→ TO DO
From the material below, copy exactly the lines beginning with the one that contains "(C84) [bolze.] 「Honanie" and ending with the one that contains "Man smoking a cigarette - Stock Image"; the pictures stay out.

===== RAW DATA =====

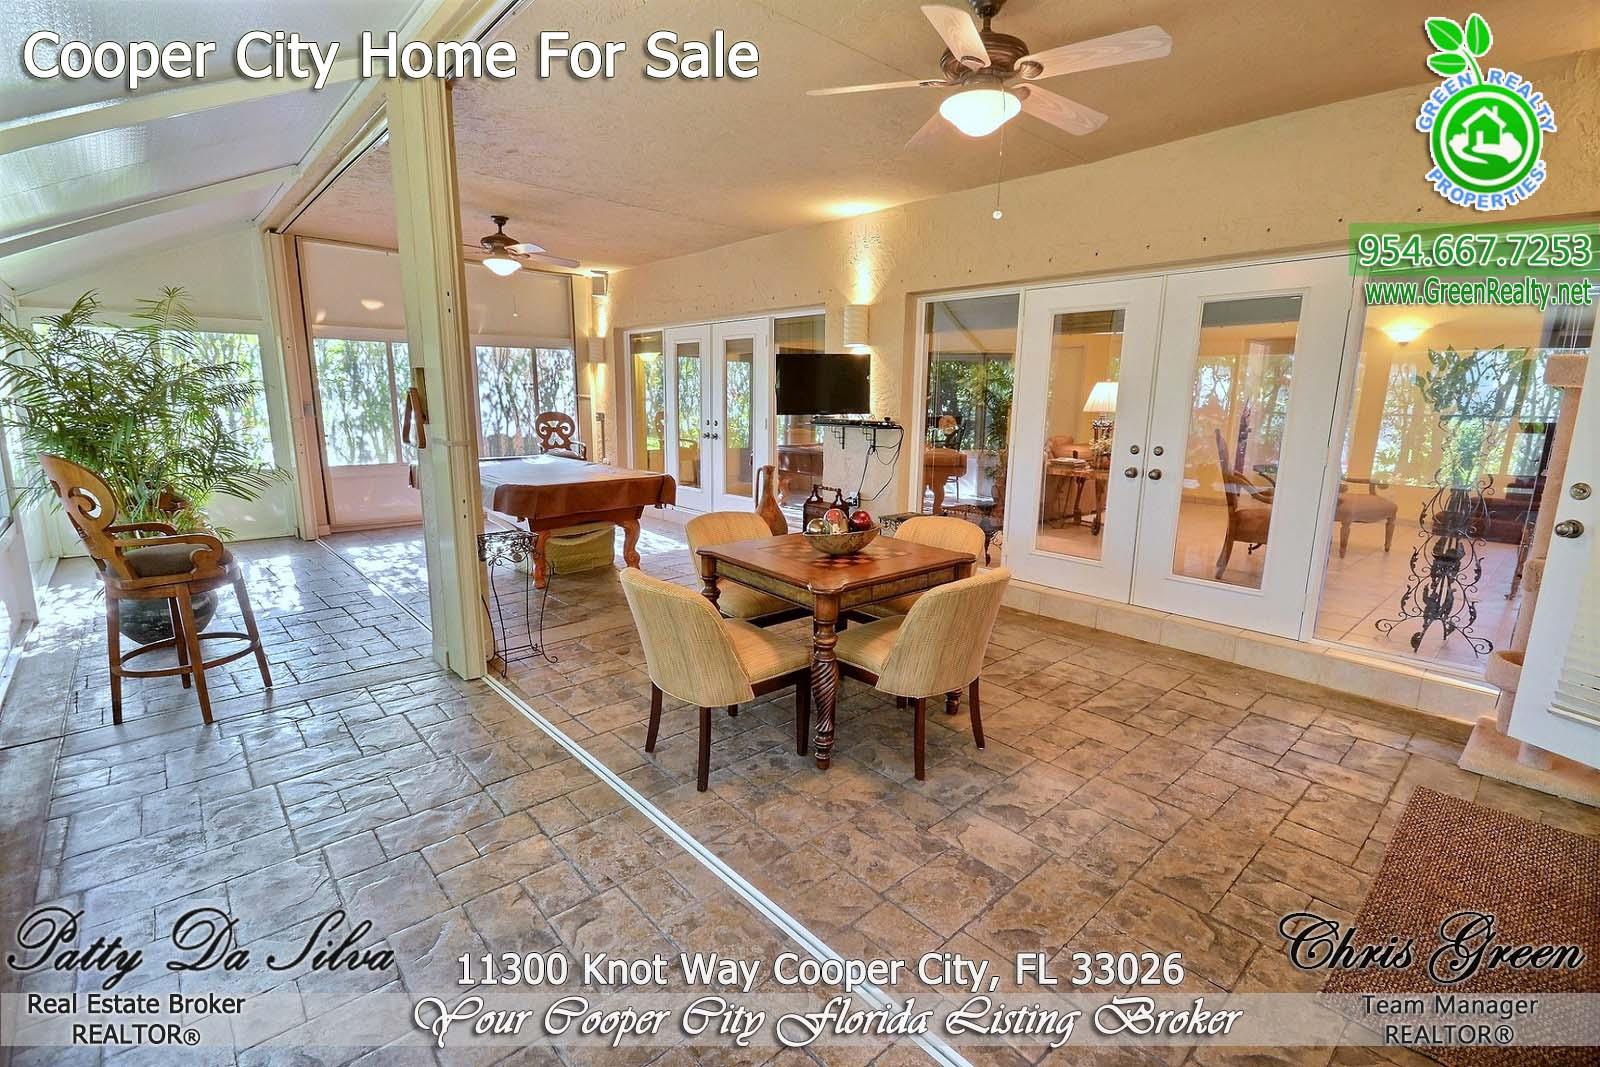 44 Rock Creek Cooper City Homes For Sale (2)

=====
===== RAW DATA =====

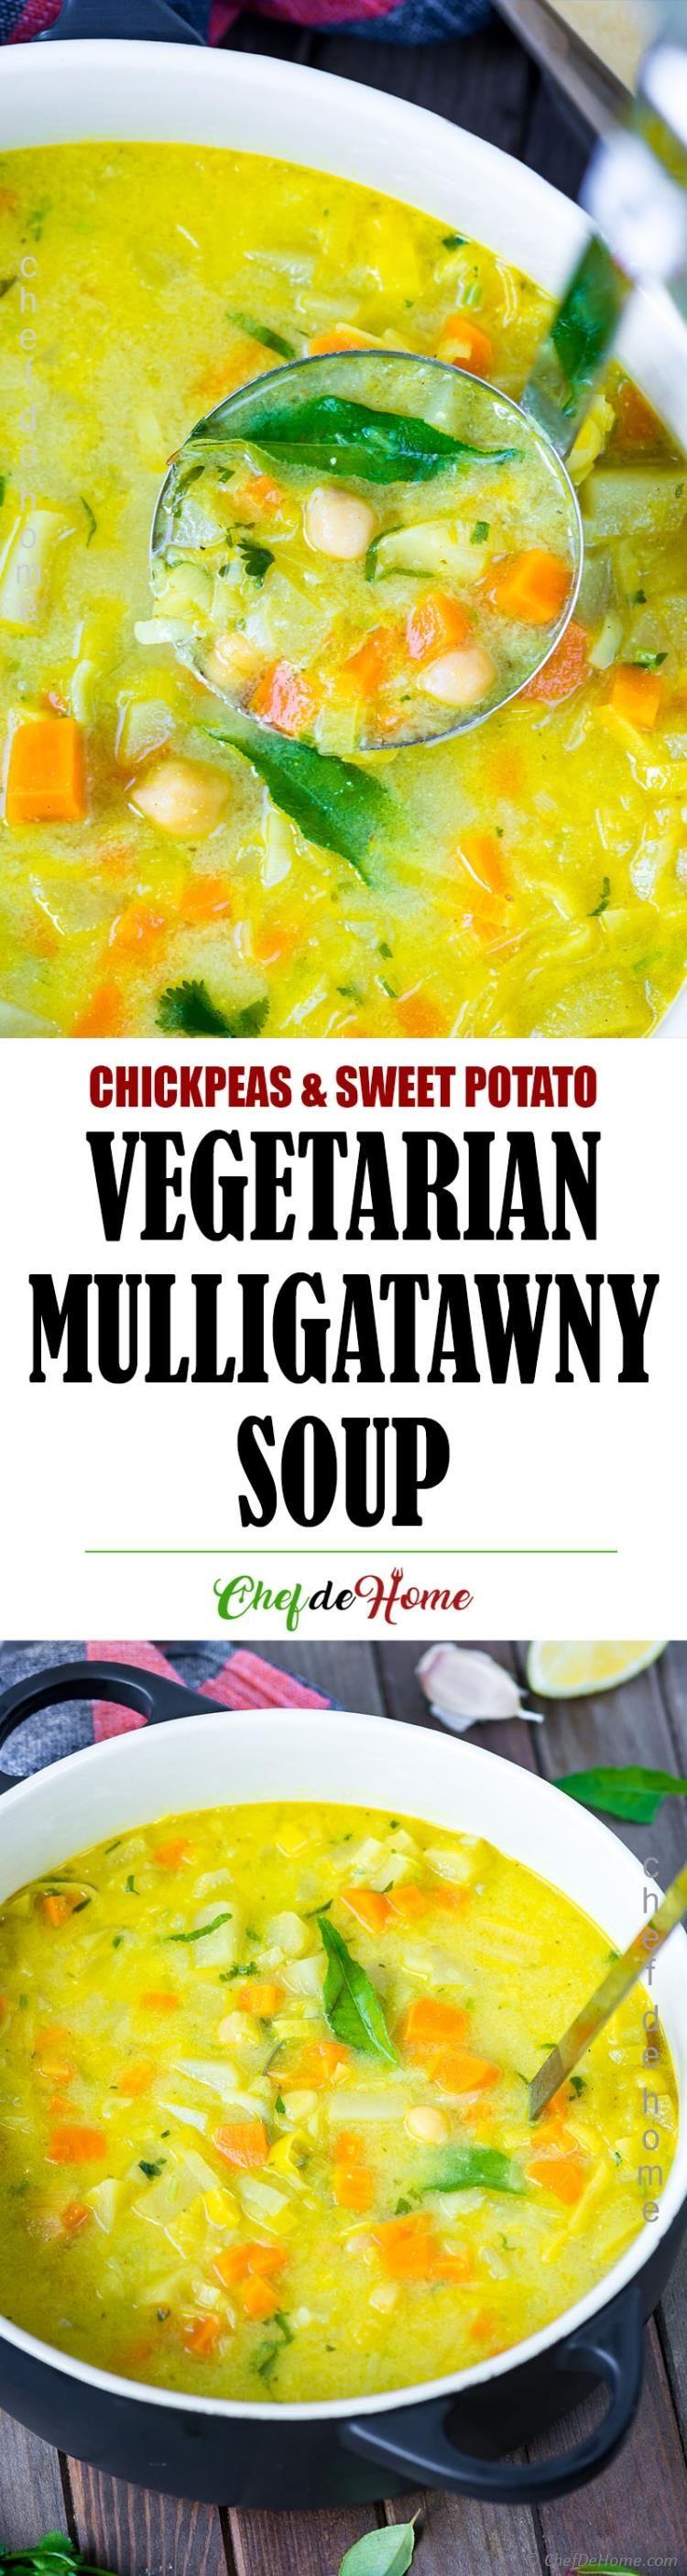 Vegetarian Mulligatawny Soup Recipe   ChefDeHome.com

=====
===== RAW DATA =====

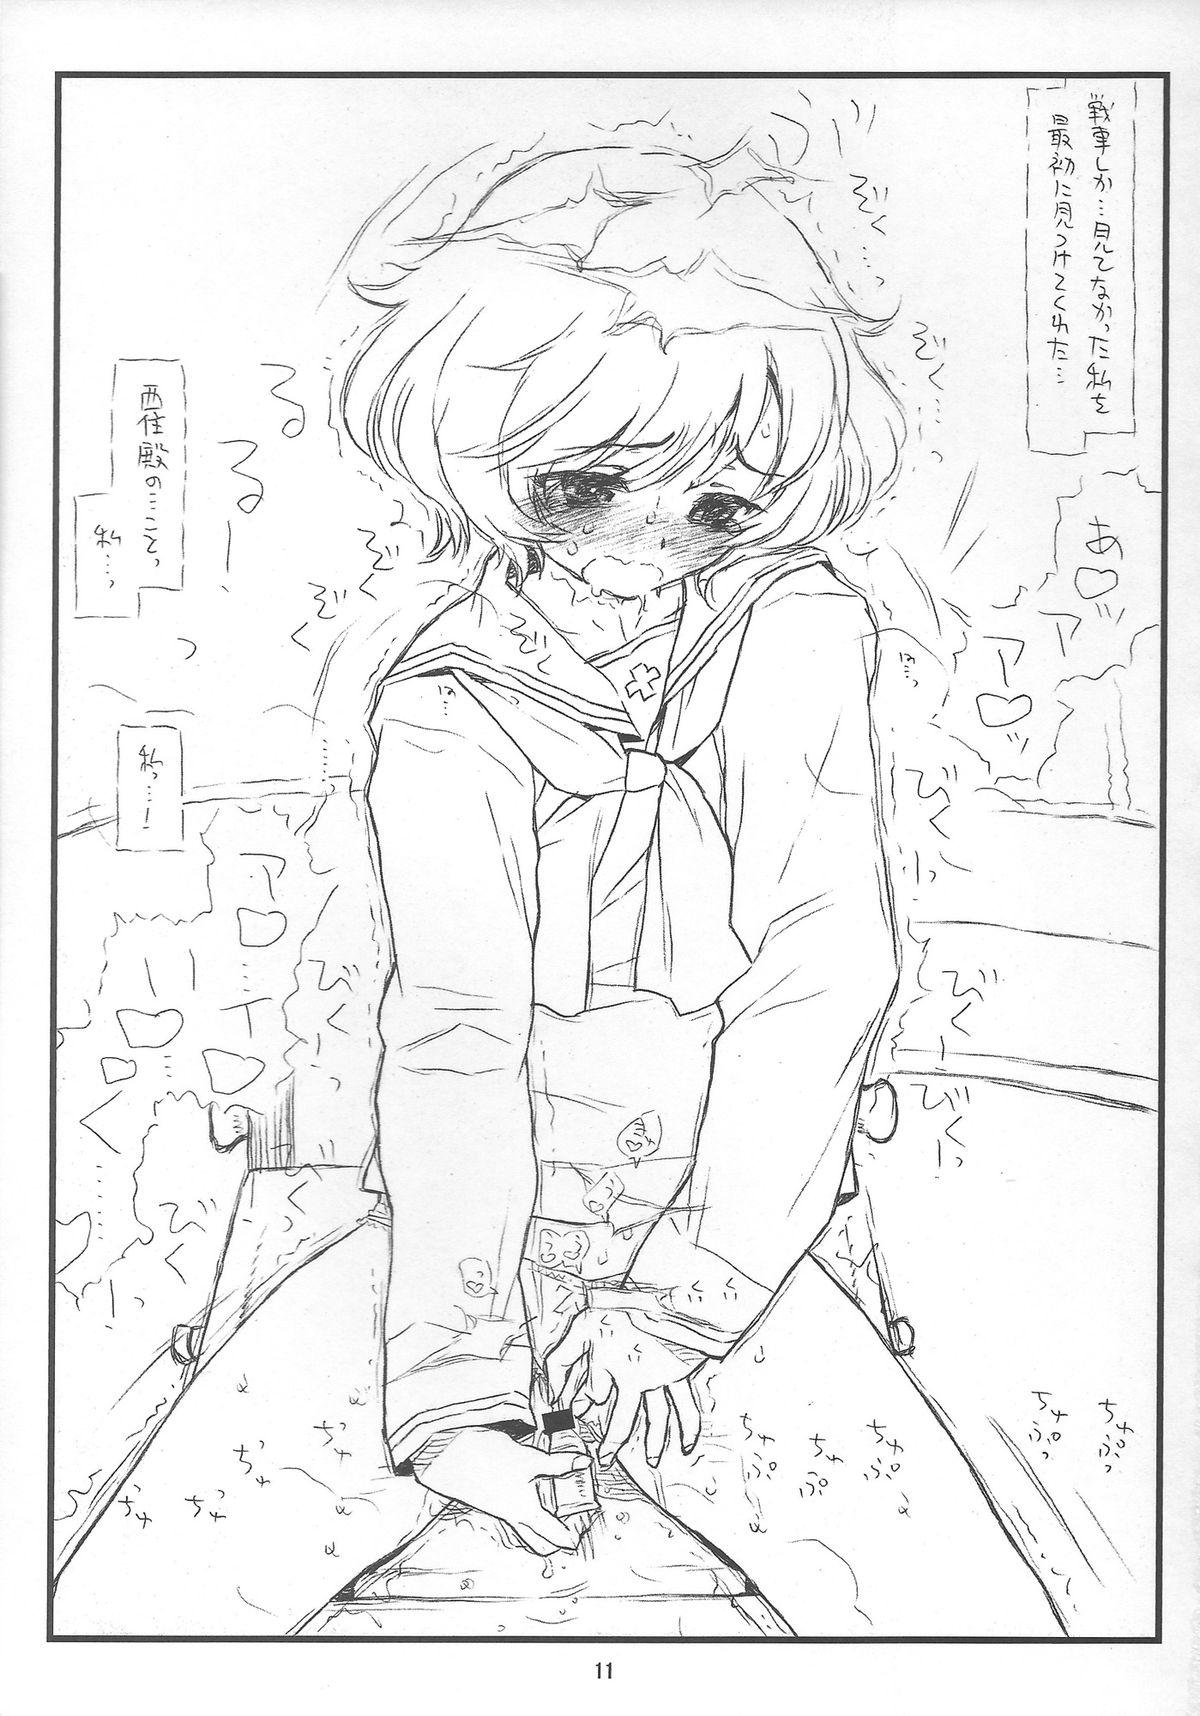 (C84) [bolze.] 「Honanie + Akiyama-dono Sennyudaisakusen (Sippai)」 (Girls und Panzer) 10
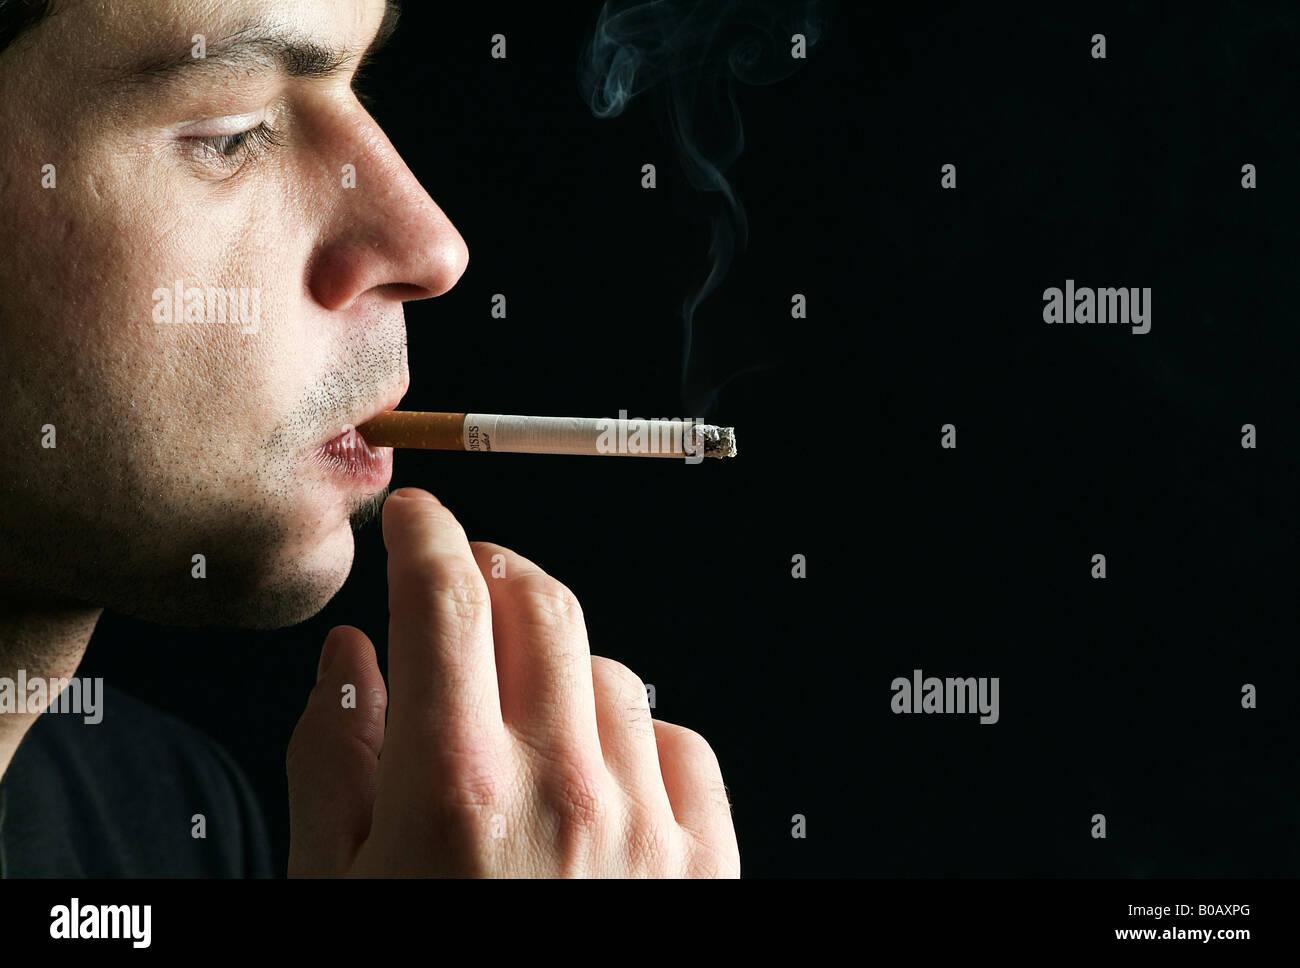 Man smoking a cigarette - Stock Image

=====

→ TASK OUTPUT
 (C84) [bolze.] 「Honanie + Akiyama-dono Sennyudaisakusen (Sippai)」 (Girls und Panzer) 10
 Man smoking a cigarette - Stock Image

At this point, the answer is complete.